La strana figura ibrida in alluminio dell’artista greco-cipriota Letos Kattos, collocata in un angolo nel seminterrato del Roof – dove si tiene parte della mostra Weather Engines – punta in una direzione diversa. I loro vestiti sembravano in fiamme. Ricordano coloro che sono indifesi a causa dei disastri ambientali. “Attraverso questa dimensione antropomorfa, ma un po’ spaventosa, vengono presentati come creature ambientali. Si può ipotizzare che siano fuggiti dai luoghi in fiamme o che siano stati i primi a raggiungerli e siano stati in grado di curarli. Hanno portato con sé dei cestini . , fiori, provocando così la naturale evaporazione della perdita subita”, disse Leto. La rappresentazione del corpo, come gestisce la memoria e le relazioni tra uomo, animali e ambiente sono al centro del suo lavoro.

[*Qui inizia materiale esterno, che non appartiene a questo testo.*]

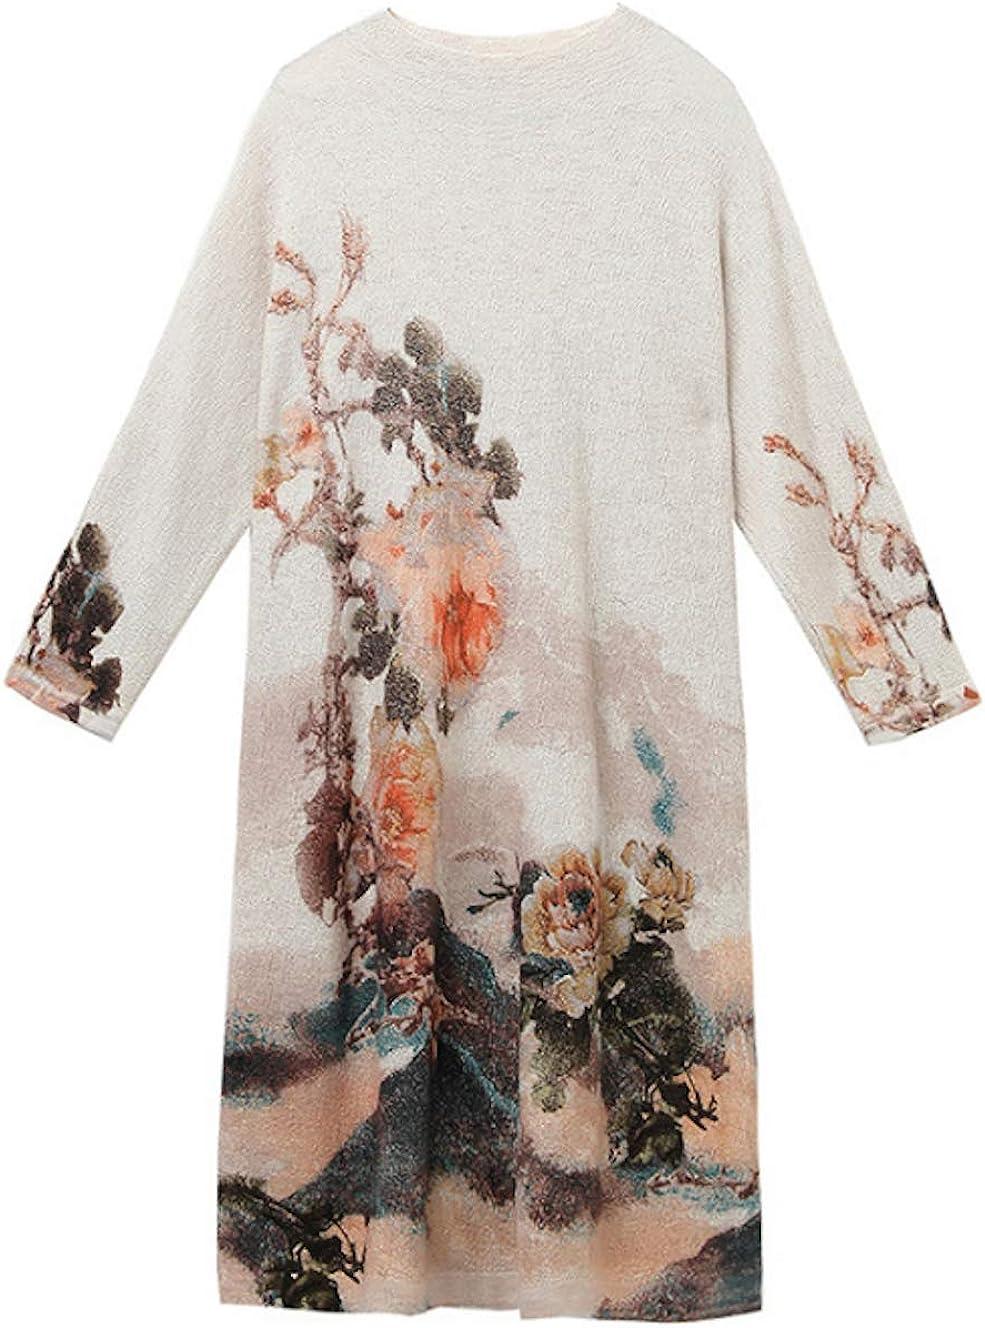 HangErFeng Dress Printed Wool Knitting Stretch Mock Neck Pullover Long Slim Sweater Skirt 1161 Paragraph
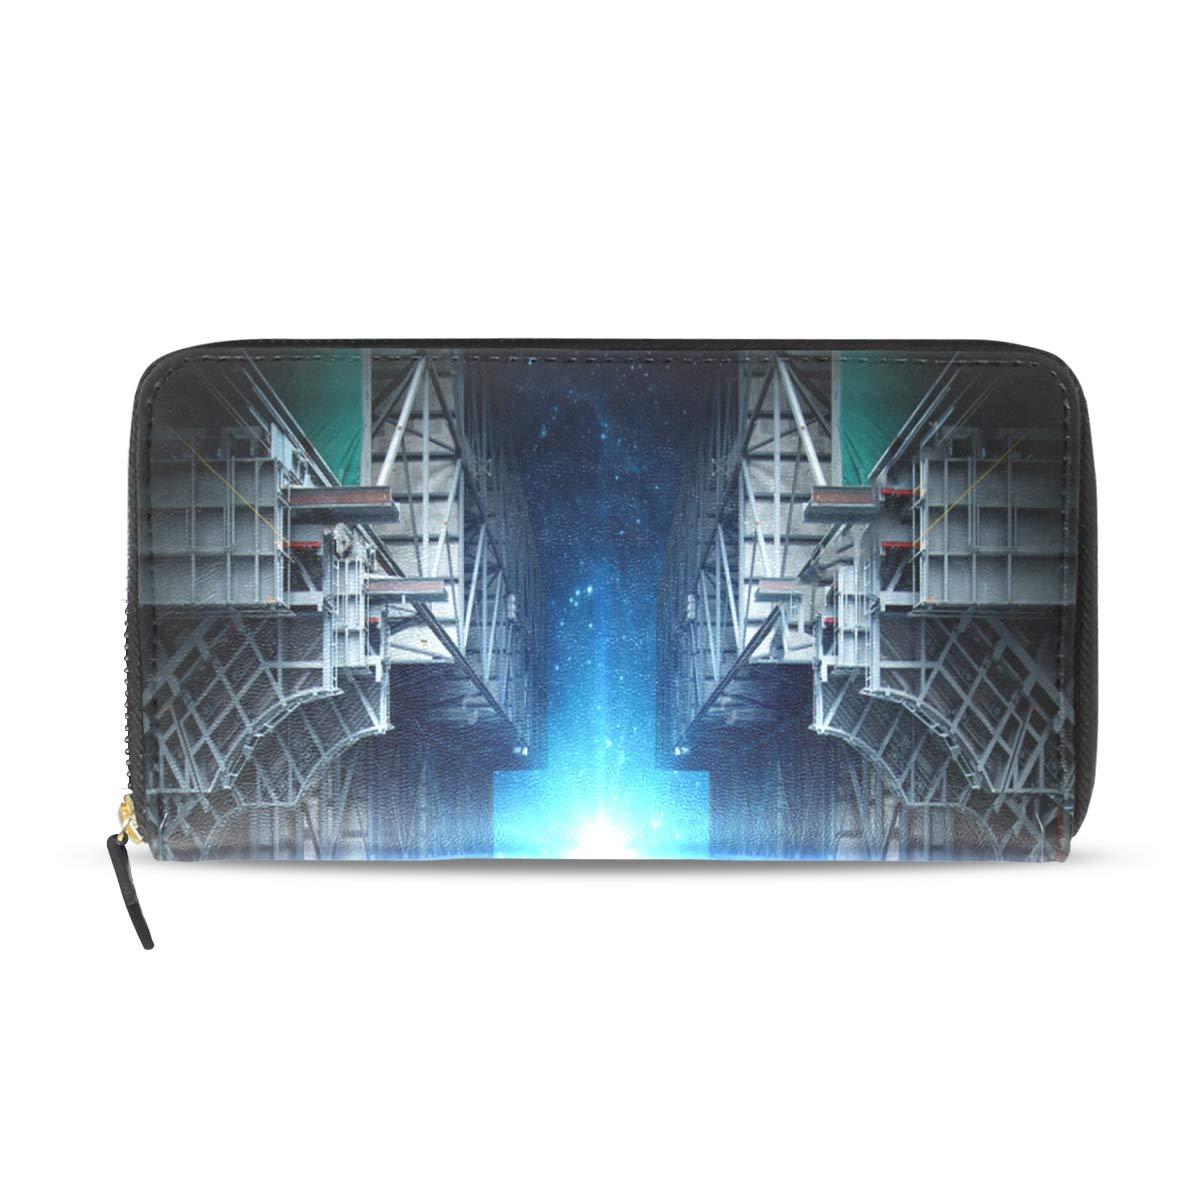 Womens Wallets Kaleidoscope Abstract Mosaic Background Leather Passport Wallet Change Purse Zip Handbags

Ho fatto notare che le figure – alcune delle quali tornano alle loro installazioni in diverse versioni – sembrano immagini separate da un incubo. “Non riesco a identificarmi con il concetto di paura, forse solo con una paura personale dell’identità della materia organica e della palude che si sta preparando”.

Si è diplomato alla Scuola di Belle Arti di Atene e successivamente ha conseguito un master in scultura al Royal College of Arts di Londra. “Già dai miei anni di studi universitari il mio lavoro è stato orientato verso la scultura e dopo che tutti i rapporti con i media sono stati molto fluidi, c’è un approccio più aperto a cosa è scultura e cosa è pittura.” Ha spiegato che amava molto i metalli, come il rame e l’alluminio. Il rame è stato uno dei primi metalli ad essere utilizzato dall’uomo e continua a essere parte integrante degli sviluppi tecnologici e l’alluminio d’altra parte porta qualcosa di molto nuovo. “È come se uno assistesse al percorso e alla comprensione dell’evoluzione della specie umana e l’altro chiudesse un occhio su nuove condizioni che sono ancora più tecnologicamente avanzate”, ha detto. Nelle sue composizioni utilizza anche vari elementi vegetali, come i fiori, che in seguito ha metallizzato. “Questi elementi completano l’opera e possono fungere da strumenti, souvenir di ambienti naturali perduti o oggetti personali che tengono insieme questi corpi scultorei”. La sua prima mostra è stata ad Atene con il progetto Radical Reading, un progetto curatoriale che “corre” dal 2014 al 2016 e consiglia il lavoro di giovani artisti, soprattutto donne, in vari luoghi. Inoltre, la sua partecipazione a mostre collettive all’estero lo ha portato a contatto con un pubblico internazionale.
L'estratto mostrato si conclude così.